Initially I was really excited about PowerShell. Finally a powerful native shell on Windows. However, I quickly realized that compared to your favorite unix shell PowerShell is just way too verbose. Even doing simple stuff takes way too much typing compared to what you can do with bash and GNU tools for Win32.
I like the idea, that the shell knows about different types, but if I need to do that much additional work, I prefer just getting the necessary data with the various unix stream editors.
EDIT: I just had another look at PowerShell, and I have to admit, that it does have some really useful features that are not available for the traditional unix style tools.
For one the PowerShell owns all the commands which means that it can provide a much more coherent set of features. Parameters are treated uniformly, you can search for commands, parameters and so forth using wild cards which is really useful.
The second great feature is that PowerShell lets you enumerate sources which are normally not available to stream editors such as the Windows registry, the certificate store and so forth. Of course you can have tools that does this for you and present it as text, but the PowerShell approach is just really elegant IMO.

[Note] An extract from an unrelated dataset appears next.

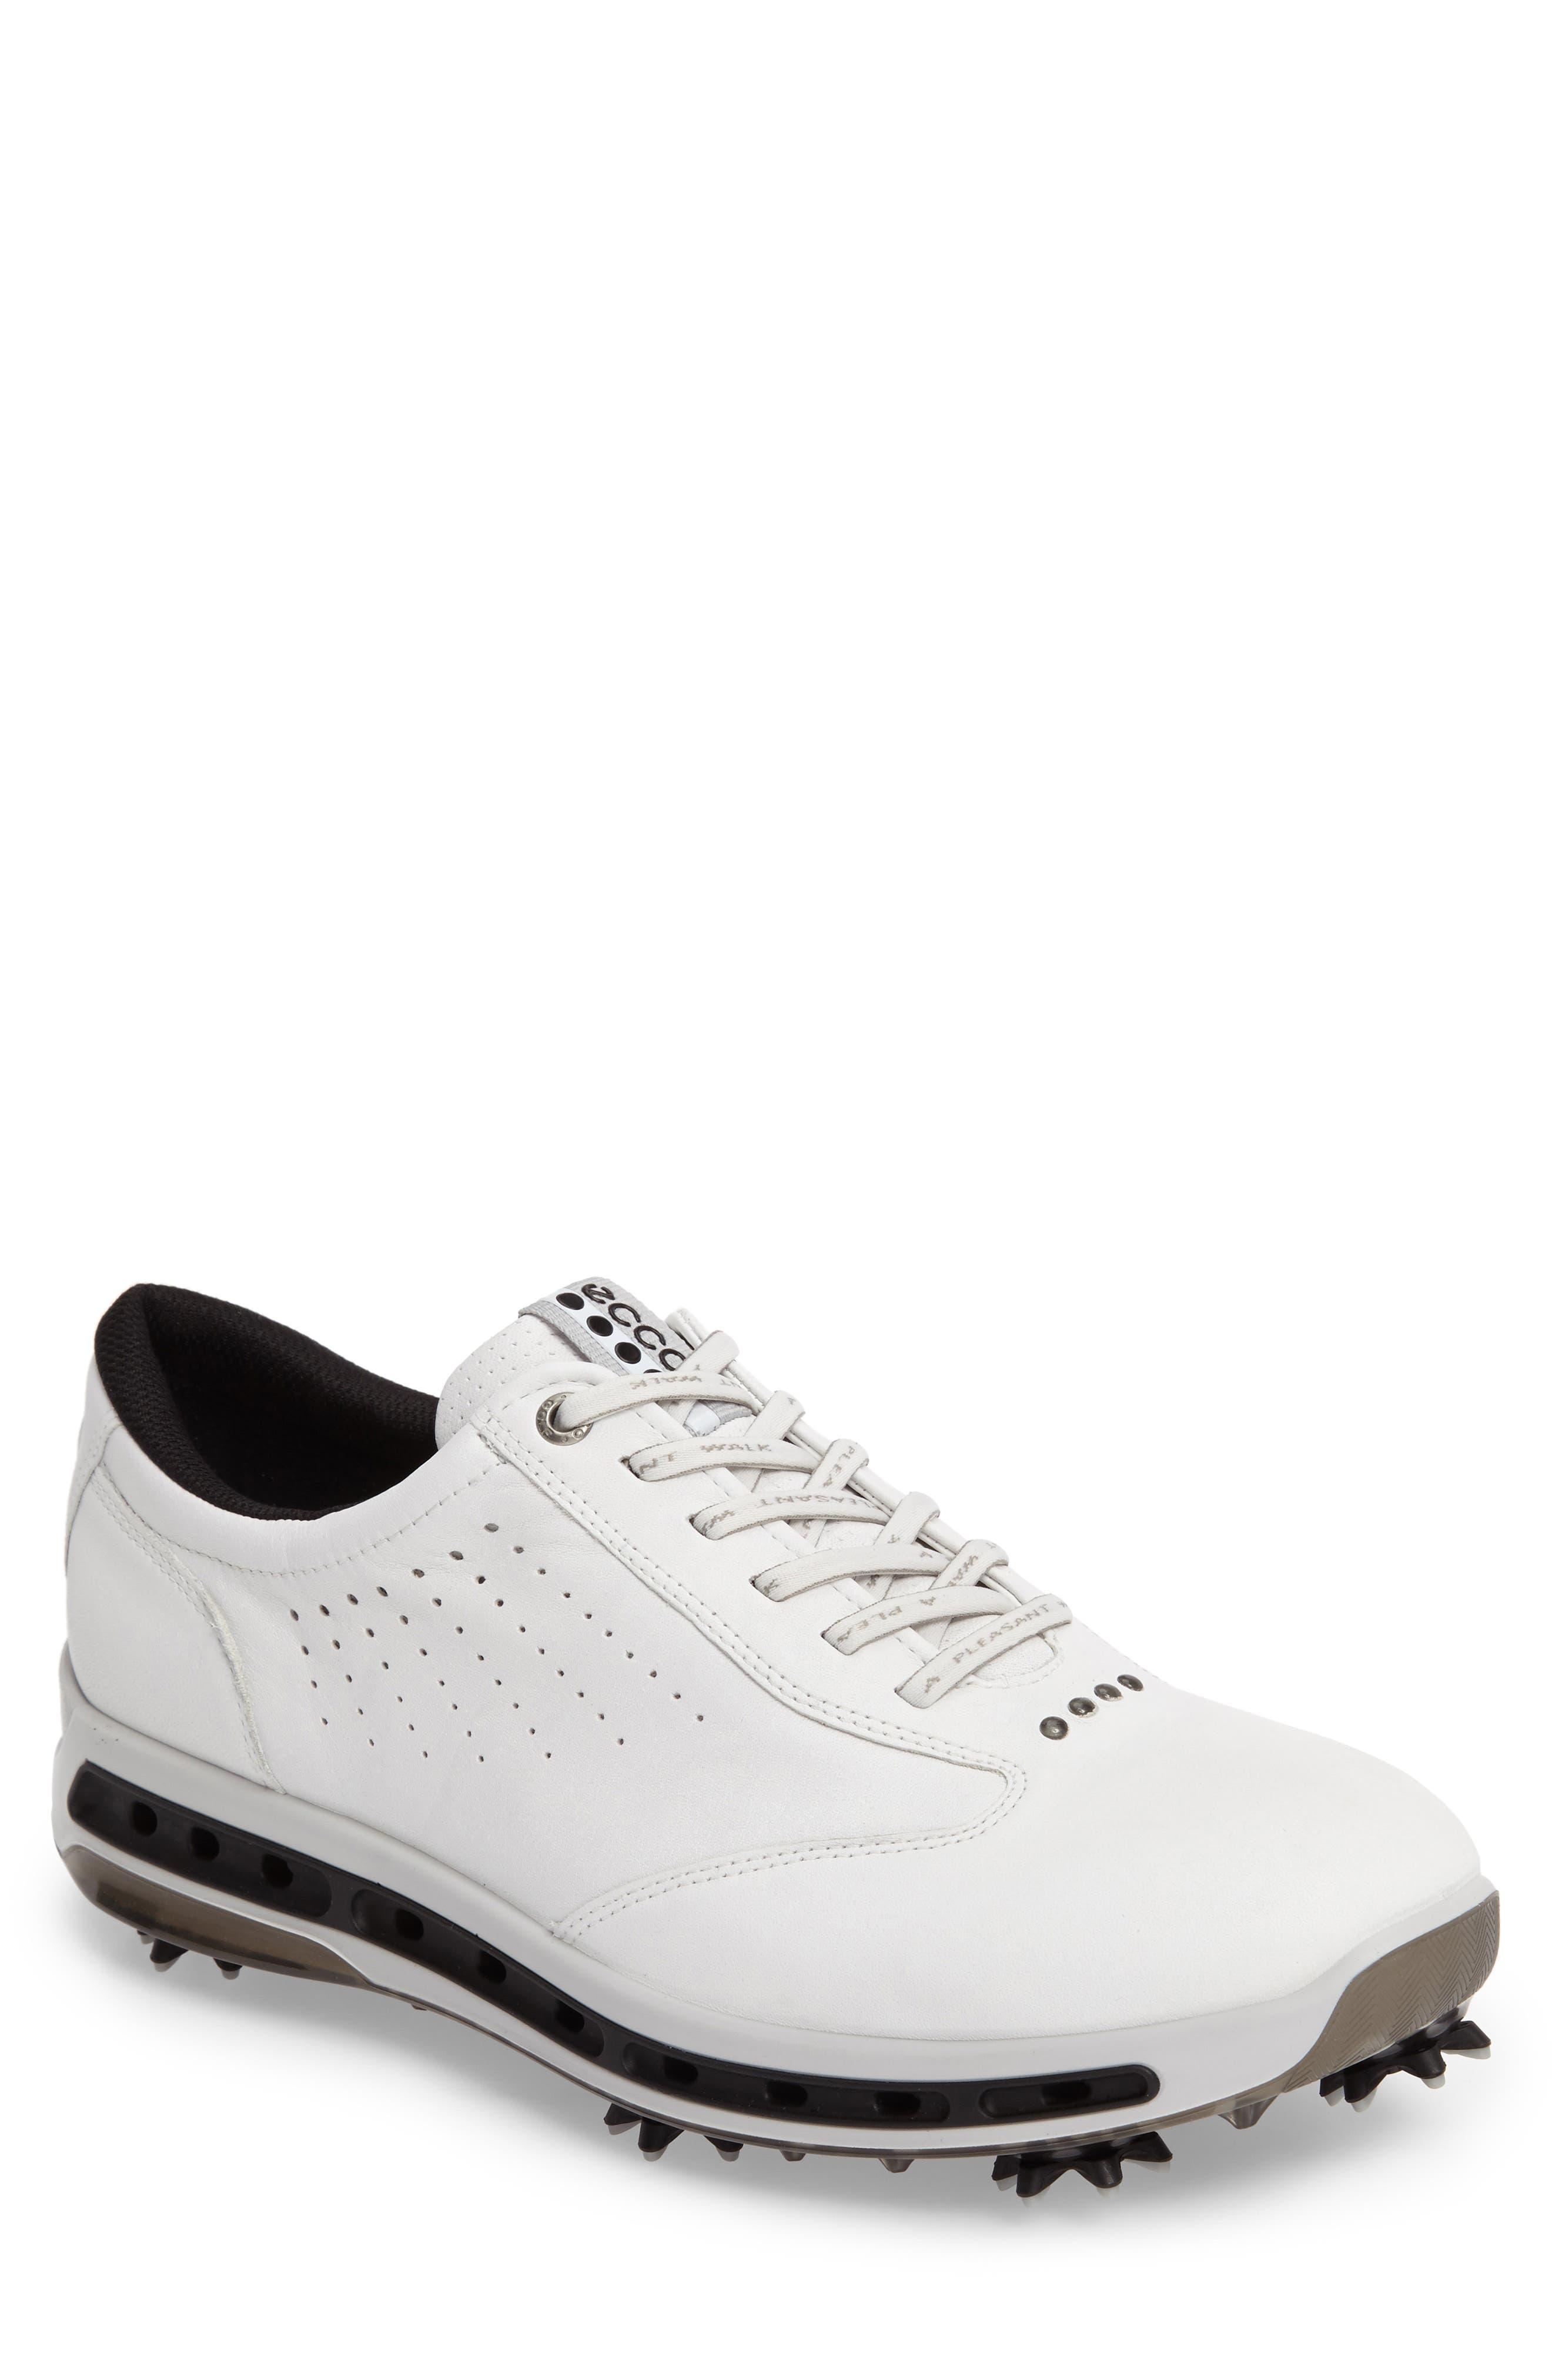 Cool GTX Golf Shoe,                             Main thumbnail 1, color,                             White/ Black

Take a look at PowerShell Community Extensions (PSCX), its FREE and it has Zip cmdlets:
Write-Zip
Write-BZip2
Write-GZip
http://www.codeplex.com/PowerShellCX
You should watch this presentation/discussion with Jeffrey Snover, PowerShell creator and architect. If you're not amazed by the technical details (lots of "wow" moments to be had), you'll be amazed by Jeffrey's enthusiasm :). Once you get the basics, it's easy to be very productive with PowerShell.
The answer is YES - PowerShell can use .NET assemblies. There is a bit of funny business involved in v1 if you need to wire up delegates and v2 makes that much more clean.
Just call LoadFile / LoadAssembly to get the appropriate libraries in memory and away you go
[Reflection.Assembly]::LoadFile('/path/to/sharpzip.dll')
$zip = new-object ICSharpCode.SharpZipLib.Zip.FastZip
$zip.CreateZip('C:\Sample.zip', 'C:\BuildFiles\', 'true', '^au')
# note - I didn't actually test this code
# I don't have SharpZip downloaded - just read their reference.
Also note that the PowerShell Community Extensions support various compression methods like write-zip.
I've tried to replace one of the lengthy build batch files I use with power shell. I found it a pain: at least at that time, documentation focused on the funny verbiage and what cool, perly things you can do with it, but lacked in the "getting simple things done" category. I got it working, but the error handling was to shaky.
YMMV, try powershell, you might enjoy it. But try it before updating your build batches.
My solution: use a C# console application. I've got serious logging, exception handling, can use my utility functions, and if something doesn't work I have a real debugger. It's the first solution I like to modify.
I'm not sure about powershell, but might I recommend using something like IronPython (if you want to have access to the .NET libraries) or plain python? You get a full-blown programming language with very few limitations.
On the one hand, if it works, just leave it. But it sounds like this is something you'll be adding to over time, and of course your eventual successor/coworker who needs to edit the batch file will also need to understand it. If you're from a programming background then you may well find the power of Powershell makes your script a lot shorter and easier to read/maintain (for example, even just having full if statements and for/while loops). On the other hand if you're not overly familiar with programming, a lot of people find Powershell a bit daunting at first glance.
Regarding the .NET part, Powershell is built on top of .NET so yes, you can access .NET assemblies (but you should always see if there's a cmdlet available first).
I would recommend a book called "The Powershell Cookbook" by Lee Holmes, published by O'Reilly. It provides "recipes" which you can use for common tasks; this will probably speed up your time to implement the script, and it'll teach you Powershell along the way.